Two Extraordinary Cats

The day Sherman walked into our lives began like most days.  Kit and I were having breakfast on the back deck at Breakfast Creek after I had finished feeding the house cats, barn cats, ducks and geese.  You don’t live in the country without being attentive to the food needs of all creatures great and small before pouring your first cup of morning coffee.  It just wouldn’t work.  Once fed, they were happy, and we could enjoy listening to a chorus of contented quacks and purrs.

But on the particular morning about which I am writing, I recall hearing a strange meow and saying to Kit, “It’s not coming from our clowder of cats.” After breakfast, I headed for the fenced vegetable garden to do some weeding.  The air was cool as I worked my way from the lemon thyme at one end of the herb bed to the oregano at the other, extracting leggy sprigs of grass from the dense weave of herbs, one invader at a time.  With feet planted firmly on the straw pathway that defined the row, it was an exercise in bending, stretching and losing myself in thought.

Near the rosemary, I heard the strange meow again, closer this time and louder, coming from the base of a nearby bush.   From where I stood, the area under the bush appeared to harbor nothing more than a play of shadow and light until something moved—something big and black and white.

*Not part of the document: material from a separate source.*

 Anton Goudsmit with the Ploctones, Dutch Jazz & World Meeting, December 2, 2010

“What an unusual looking breed,” I remember thinking to myself when the creature that cautiously emerged into full sunlight could clearly been seen to be a cat.  Must be lost I thought, or more likely someone dropped him off. 

I continued to weed for a while longer under the cat’s watchful eye until he stood up, arched his back and stretched as if mirroring my motions inside the garden.  When I straightened up to get a better look at him, he sat down and stared directly back at me.  A solid mask of black ringed his eyes and square forehead.  His hind legs were especially long and his chest stocky and wide.  But his most distinguishing feature was the absence of anything more than a knob for a tail.

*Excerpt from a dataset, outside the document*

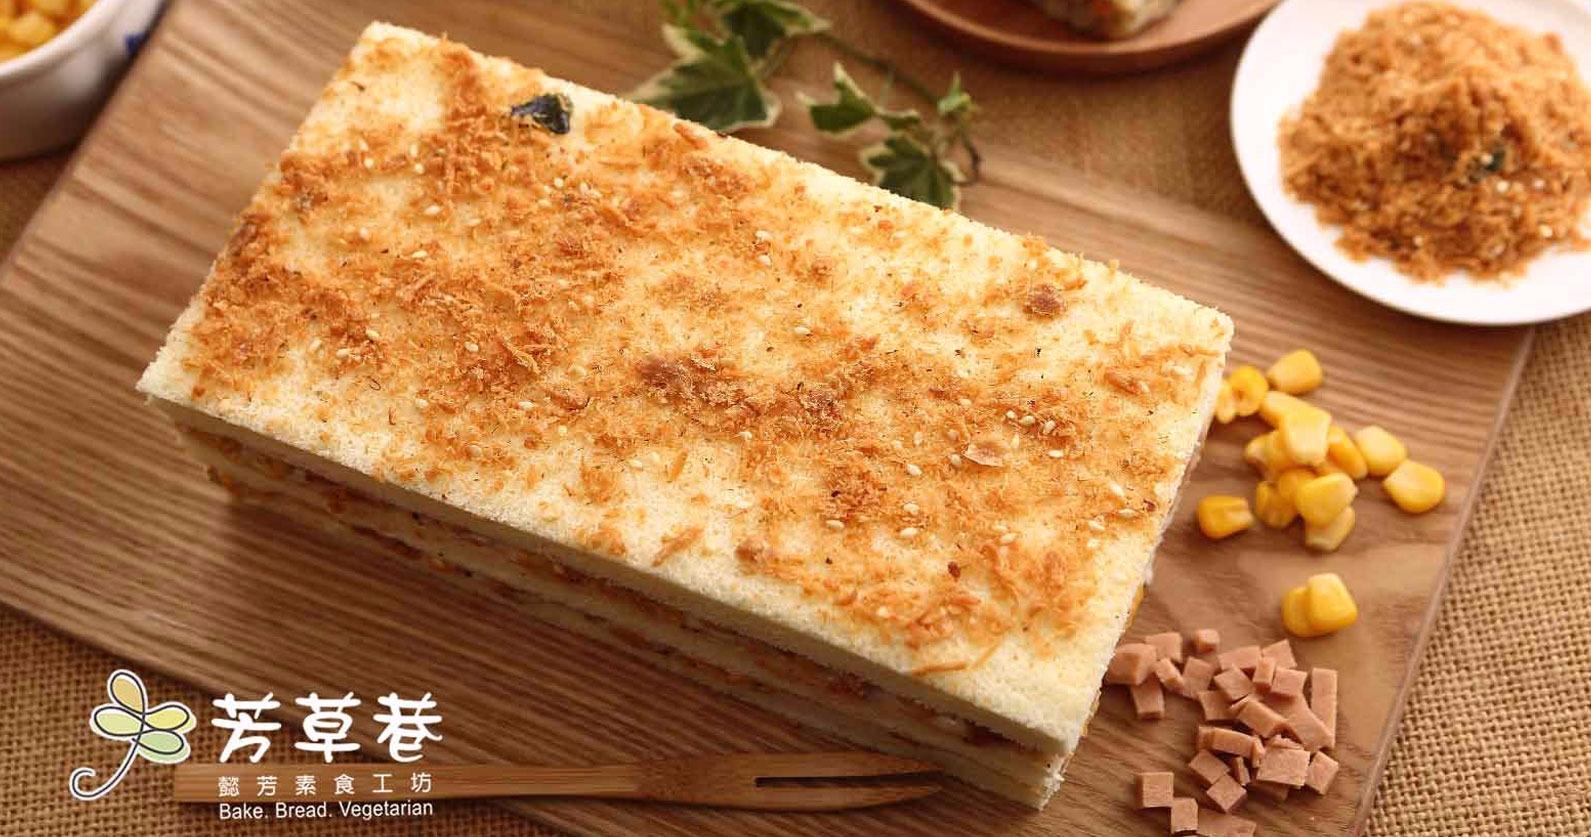 芳草巷手工熱門斑蘭蛋糕

“I’m calling him Sherman,” I told Kit a week after the cat had become a regular fixture on the back deck, “because he’s built like a tank.  The only problem is that he’s  a she, and if I’m not mistaken, quite pregnant.  We’ll have to keep her, at least until the kittens are born.”

With that settled, Sherman took up residence on an old towel in a chair on the back porch, eating every last kibble that came her way and growing rounder by the day.  Knowing she would need a sheltered nest for her kittens, I hauled a fresh bale of straw into the former chicken house behind our barn that has served as a brooder house for all of our ducks and geese. After vacuuming out the cobwebs, I set it up with a heat lamp for cool nights, a small rotating fan for hot afternoons, a litter box, and bowls for kibbles and water. 

Finally, I carried Sherman into her cozy quarters and set her down on the bed of golden straw. Two days later, she delivered four beautiful offspring, rolled over, pushed her solid body into the soft straw, and purred adoringly at her precious kindle of kittens.  The largest was a gray male with a white underbelly and no tail; the others were all calicos, only one of which had a tail. 

“You are Manx cats,” I explained to Sherman and her sleepy caboodle one afternoon, “intelligent, friendly, rumbustious creatures, very solid and British of breed with a rabbity gait because your hind legs are longer than the front.  You are also especially easy to train and love playing with children. A Manx with no tail whatsoever is called a ‘Rumpy’ and those with a wee bit of a tail like all of you are ‘Stumpies’.”

“Goodnight, little darlings,” I said, realizing the kittens were all sound asleep. 

After I wrote a newspaper column about Sherman, a wonderful family from Macon, MO adopted her and three of her kittens. We kept one—a true rumpy with a black facemask and intelligent, black eyes.  We named her Phantom, soon shortened to Fanny because of her round, no-tail rump.

Fanny grew to be a hefty cat like her mother, spending her first year exploring Breakfast Creek, then seven months in the high desert of New Mexico before returning to Missouri and settling into Boomerang Creek with Kit, our other two cats Pooh and Scribbles, and me for the rest of her long life.

There she freely explored the meadow, woods and creek on our five acres, shadowing me outdoors as I gardened and moved about.   Summers she napped in the shade garden or on the porch, and winter evenings she stretched full length atop my lap, warmed by our Buck stove. 

On our final Mother’s Day in Missouri in 2021, Fanny visited the creek below the house one final time and died peacefully the next morning next to me on our bed. Like her mother Sherman, Fanny was an extraordinarily intelligent cat—beloved and missed to this day.